Sustainability Disclosure Requirements: going above and beyond sustainability

The proposed rules in the Financial Conduct Authority (FCA)’s long-awaited consultation paper (CP 22/20) on sustainability disclosure rules (SDR) and investment labels have a wider reach beyond sustainability and highlight the FCA’s strategic objective.

FCA Consultation Paper CP22/20 here

Here we set out what the proposed rules are and what they will mean for firms.

  1. The proposed rules

The proposed rules espouse the broader objectives of market integrity, fair competition and consumer protection through the lens of sustainability.  The core elements of the regime – labelling and classification, disclosure and naming and marketing rules – will initially only apply to asset managers. The rules require these firms to provide easily accessible product-level information to consumers, more detailed disclosures for wider distribution, and information on how sustainability related risks and opportunities are managed to ensure access to standardised sustainability data across the investment chain.

Furthermore, the rules propose labelling and disclosure requirements to help enable informed decision-making. With naming and marketing rules established, the FCA expects firms to ensure sustainability claims are proportionate and not exaggerated for consumers to effectively navigate the market and make informed decisions.

Finally, the FCA proposes a ‘anti-greenwashing’ rule to protect consumers. This will apply to all regulated firms and reiterates existing rules to clarify that sustainability-related claims must be clear, fair and not misleading.

In recognition of the fact that many firms and products operate internationally, the FCA has sought, as far as possible, to achieve international coherence with other regimes – notably the EU’s Sustainable Finance Disclosure Regulation (SFDR) and the US’ proposals by the Securities and Exchange Commission (SEC).

However, there are some differences in approach - particularly with the SFDR which is predominantly a disclosure regime and prescriptive. The FCA-proposed rules, however, have a wider reach and seem more evolutionary.
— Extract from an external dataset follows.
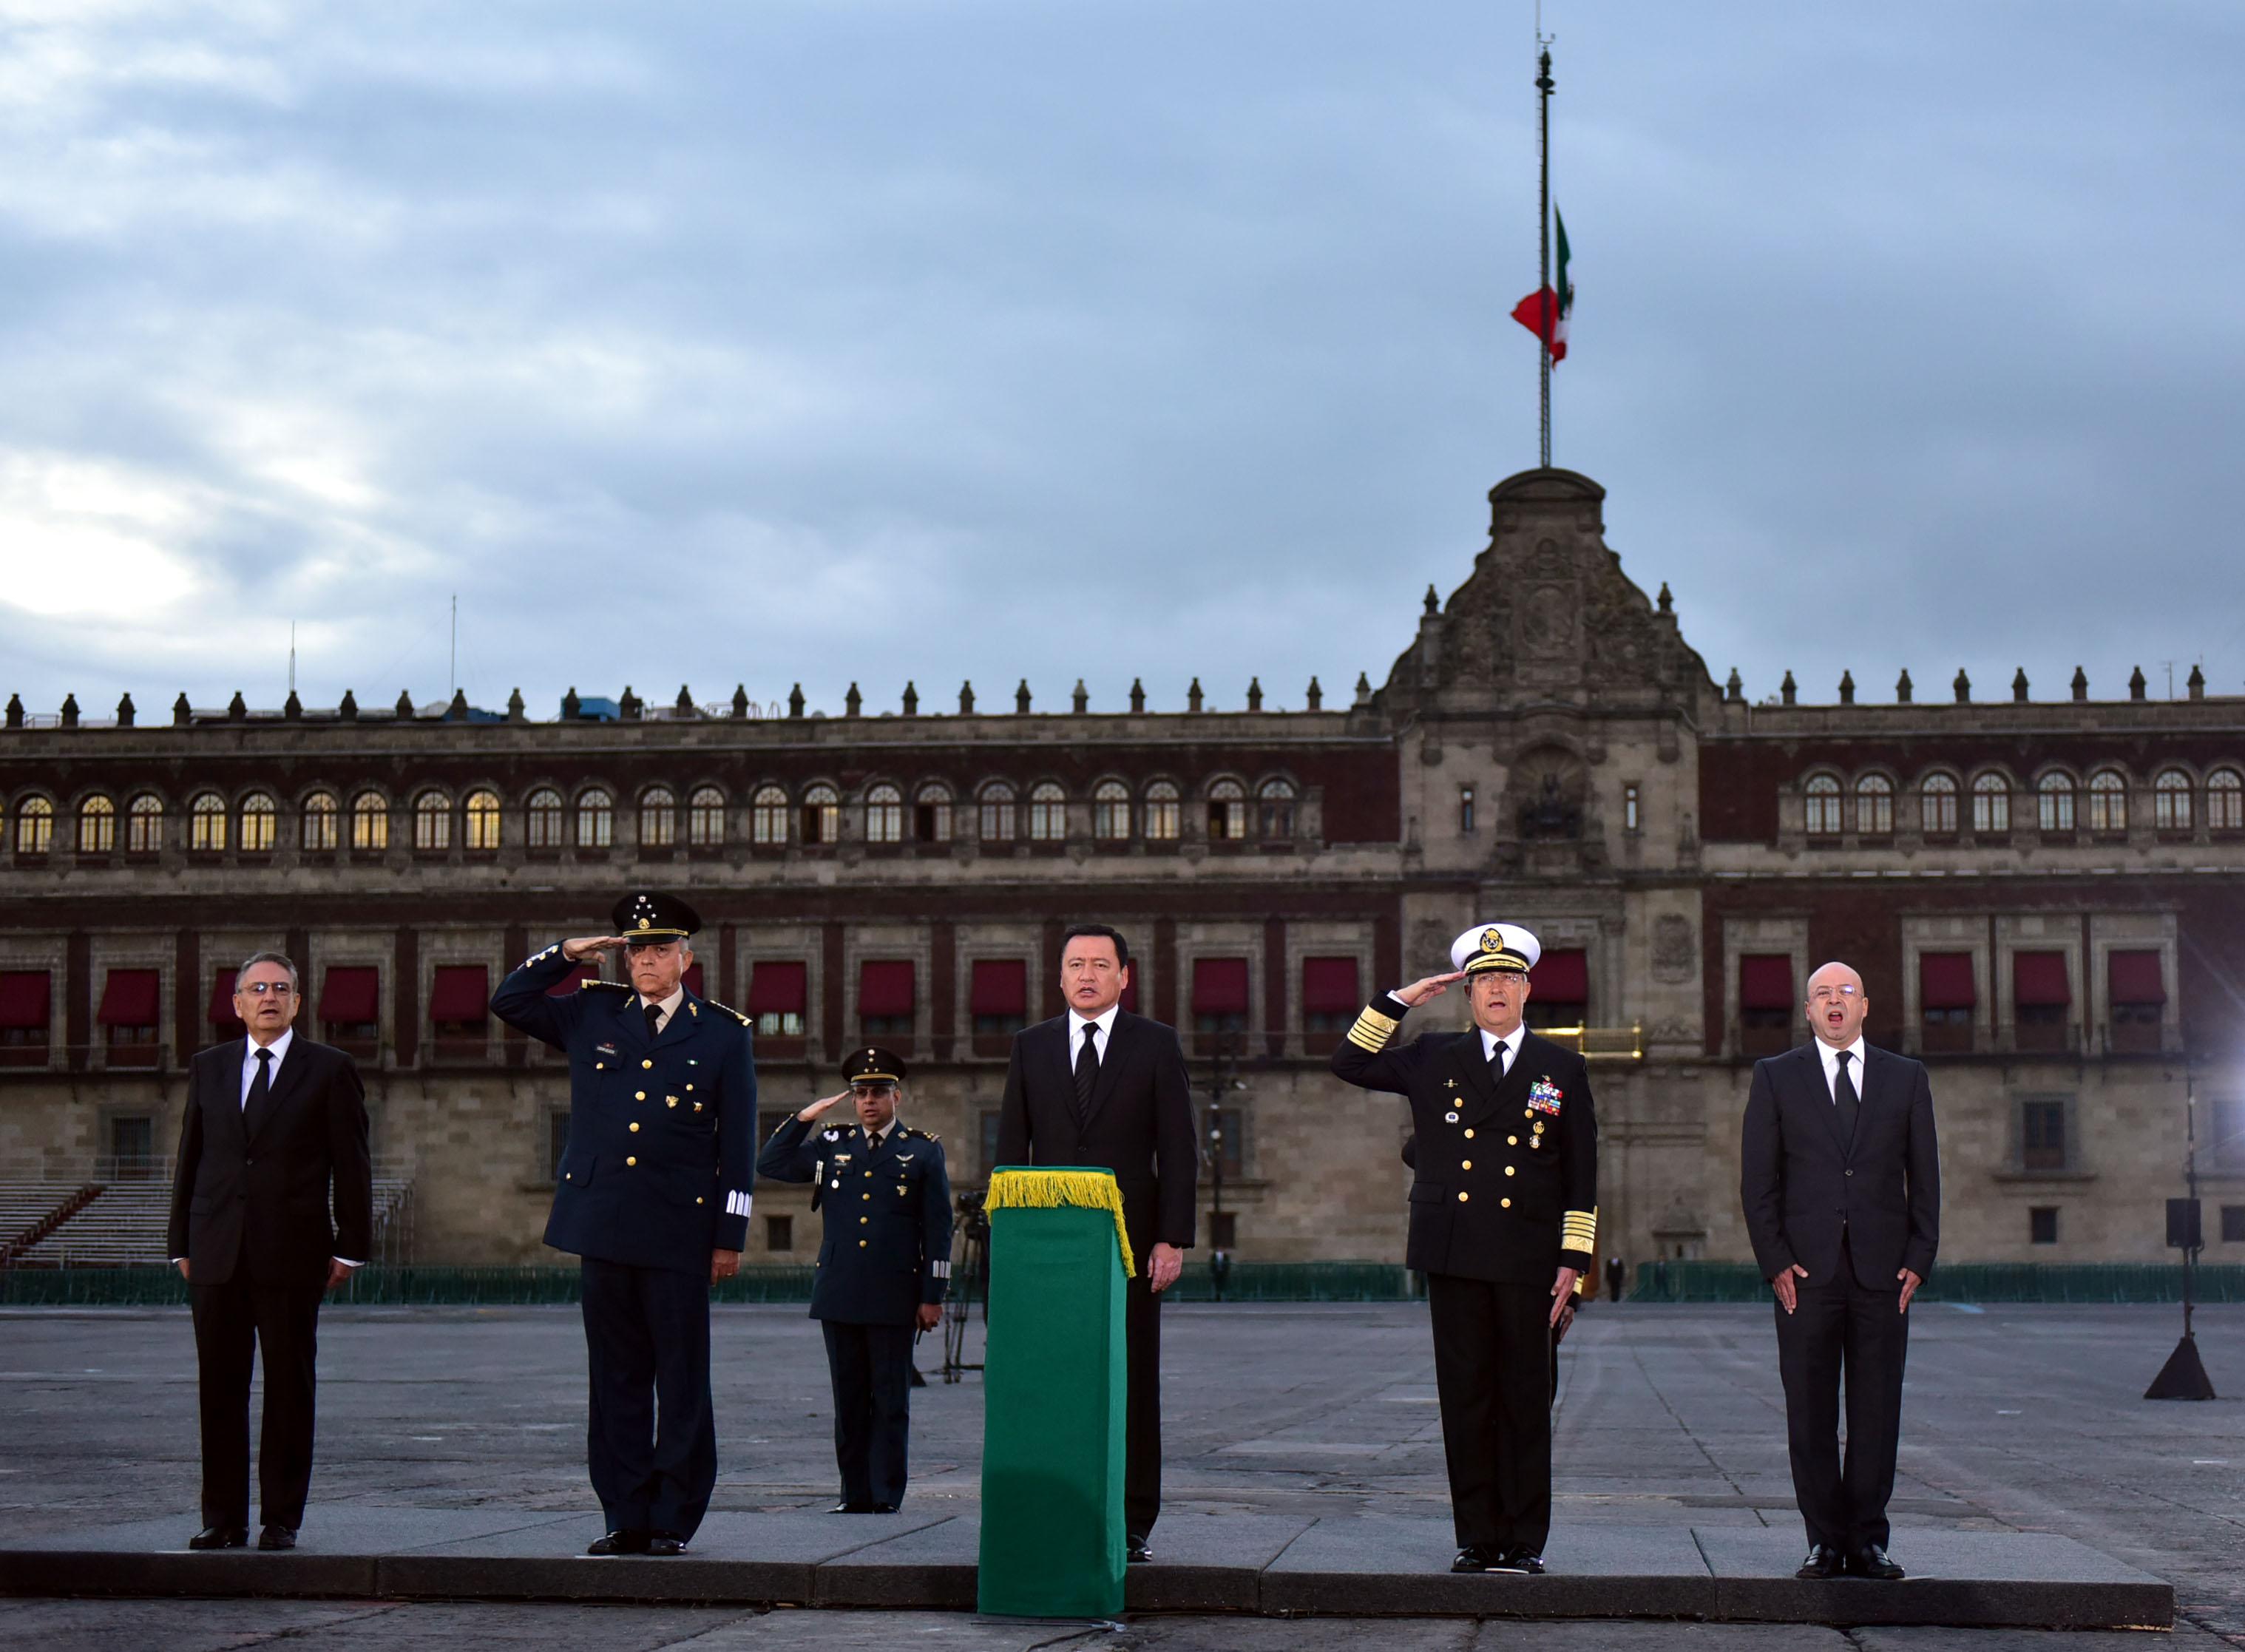 El Secretario de Gobernación, Miguel Ángel Osorio Chong, encabezó el izamiento de la Bandera Nacional en memoria de las personas que perdieron la vida en los sismos de 1985.

  1. So what does this mean for firms?

The FCA intends to publish the rules by July, with the anti-greenwashing rule becoming effective immediately upon publication.  Firms will need to start considering the implications to operating models. We see three primary challenges.

Consideration for the wider context

Firms will need to consider Sustainability disclosure requirements keeping the wider context in mind and how some SDR requirements tie in other objectives. For example, to be able to deliver good consumer outcomes under the new Consumer Duty rules firms will need to consider how they test, monitor, and adapt sustainability labelling, marketing, communications and disclosures to enhance consumer understanding.

Market-led template for disclosure reporting

The FCA have introduced some prescription around the format and content of the disclosures without providing a template. Firms, therefore, will need to collectively develop a market-led reporting template espousing the regulator’s behavioural research and the disclosure rules. But this may come at the cost of consistency and standardisation.

Alignment with UK Green Taxonomy

The FCA originally confirmed that the UK Green Taxonomy will be the primary tool to measure the ‘sustainability’ of investments and underpin the labels and was going to be the next step after the SDR.

However, the Edinburgh reforms outlined that the Taxonomy will now be delayed while a new green finance strategy is to be published in early 2023. It is to be seen how this new strategy aligns with the SDR and the forthcoming taxonomy. Firms however should be prepared to incorporate any alignment issues when these do land.

This will not be an easy task. We believe the industry will need to come together to make this work and ensure the initiative provides the right platform going forward.